• Records supplied:
····················
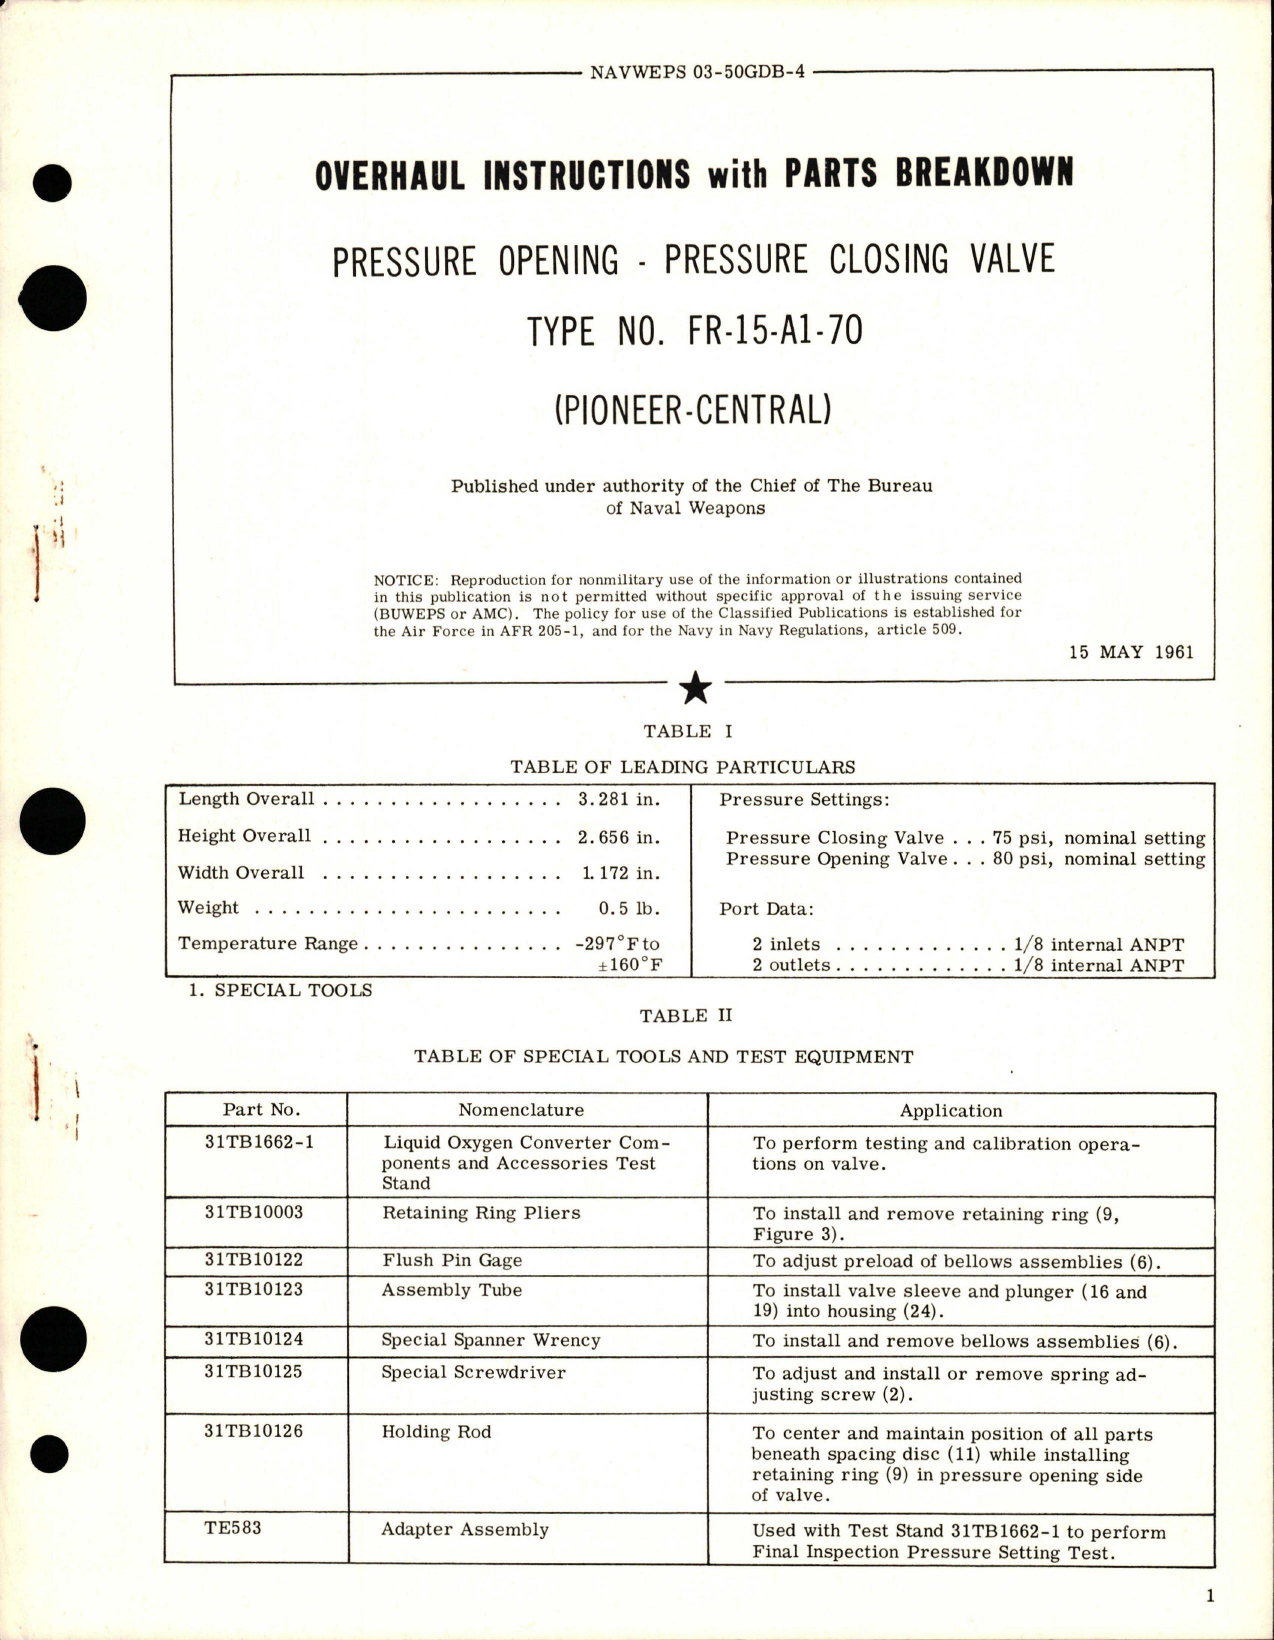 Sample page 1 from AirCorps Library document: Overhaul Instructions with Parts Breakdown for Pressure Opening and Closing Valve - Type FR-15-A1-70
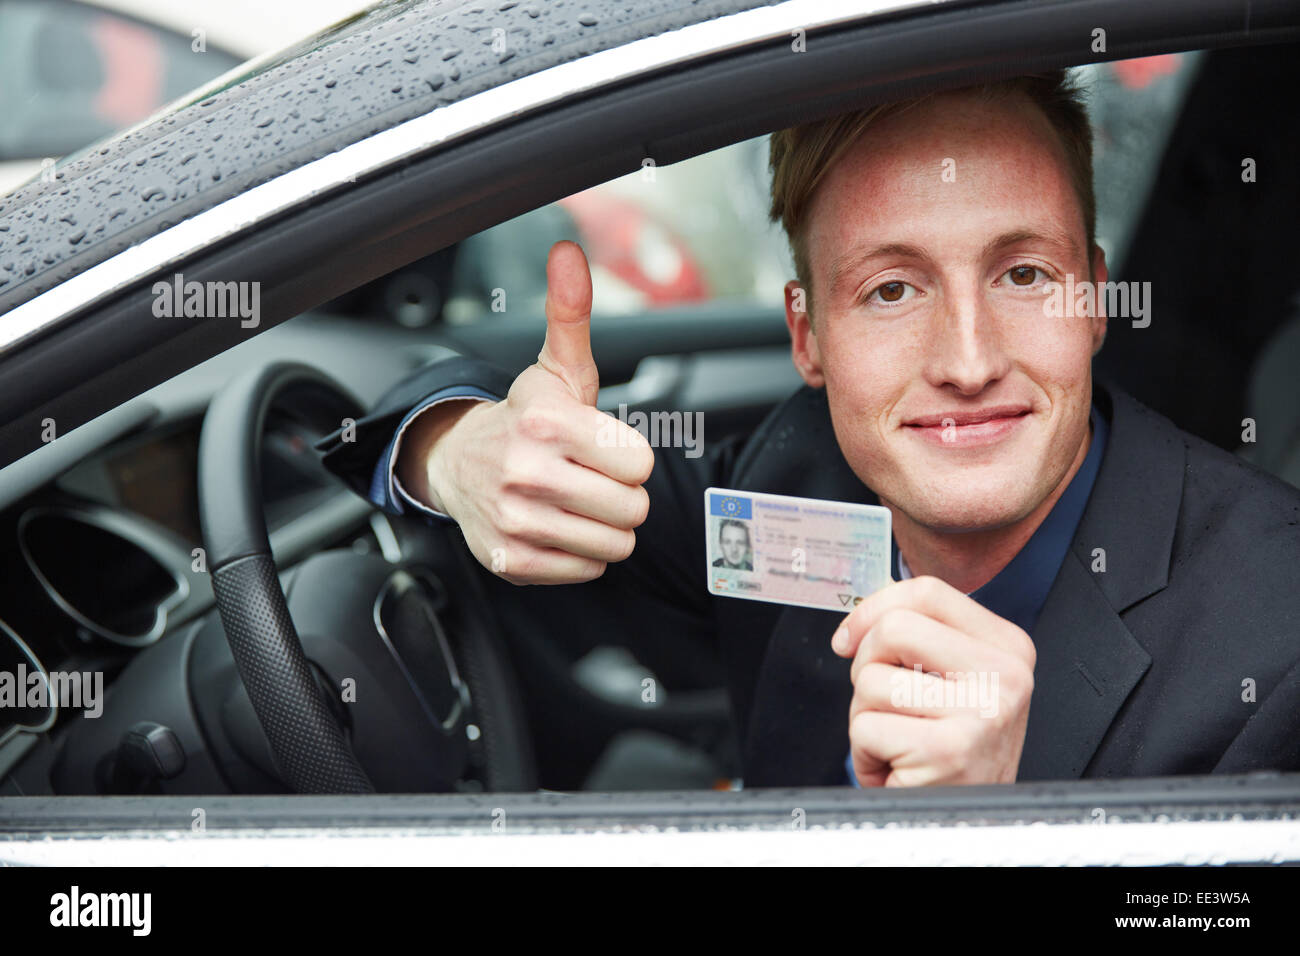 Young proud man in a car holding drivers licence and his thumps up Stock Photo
····················
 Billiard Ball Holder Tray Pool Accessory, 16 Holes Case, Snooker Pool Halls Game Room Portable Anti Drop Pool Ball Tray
····················
• Work to be completed:
Everything from the line above that contains "Sample page 1" down to the line that contains "Young proud man" must be reproduced exactly, both ends included. Omit the pictures.

• Response:
 Sample page 1 from AirCorps Library document: Overhaul Instructions with Parts Breakdown for Pressure Opening and Closing Valve - Type FR-15-A1-70
 Young proud man in a car holding drivers licence and his thumps up Stock Photo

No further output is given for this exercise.